In each pair, the first version tells you what someone else does. The second tells you what you should do. You also avoid a tricky issue—whether to call the user "he" or "she."

Less Is More

When I was in the 5th grade and Mrs. Hosmer made us write a 100-word essay about the Statue of Liberty, I cheated. To bump up my word count and finish sooner, I used elaborate wording and all the padding I could think of. It didn't fool Mrs. Hosmer, and it made for terrible reading. When I tried the same dumb* trick as a college freshman, the professor wrote this on my paper: "Your technical mastery of the English language is matched only by your poverty of intellect." Busted!*

You don't have a minimum word count. Instead, use the minimum number of words—plain, obvious words—to make things clear.
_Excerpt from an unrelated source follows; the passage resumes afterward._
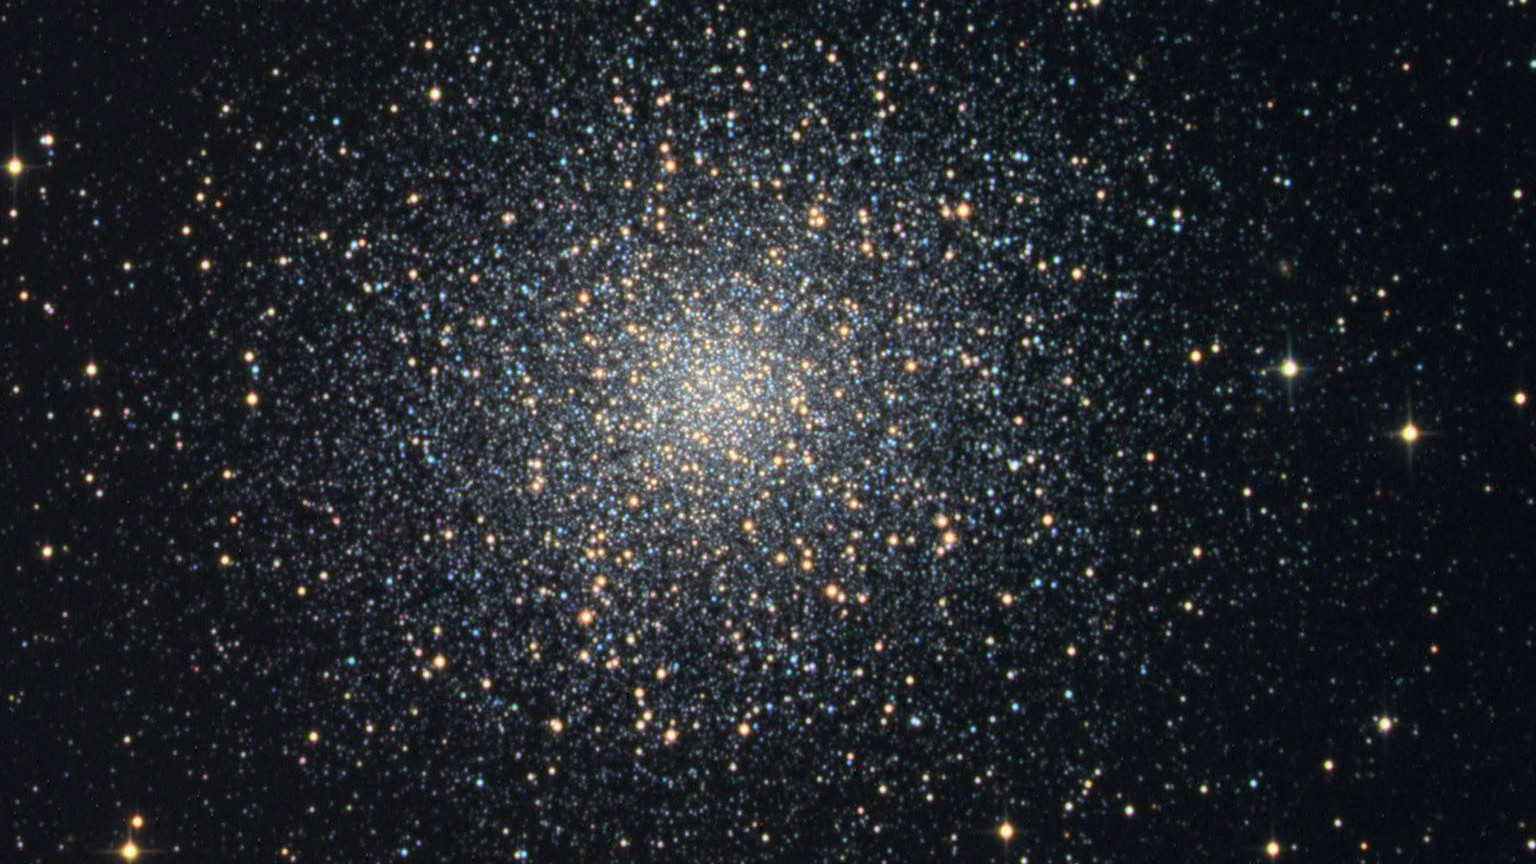 The Hercules Globular Cluster M13

If you force people to wade through your text, they won't. They'll just quit visiting your website.

*DISCLAIMER—DON'T USE SLANG IN YOUR WRITING AT WORK

These GrammarGrams are written in standard colloquial English, because this is a very friendly website and we're talking to fellow designers. In your job, use standard informal English, as if you're talking to your grandfather, the CEO of your company, or your pastor if you have one. Don't say "dumb" or "busted" like I did, because it's slang and your boss probably won't like it. If you're in advertising, though, slang away!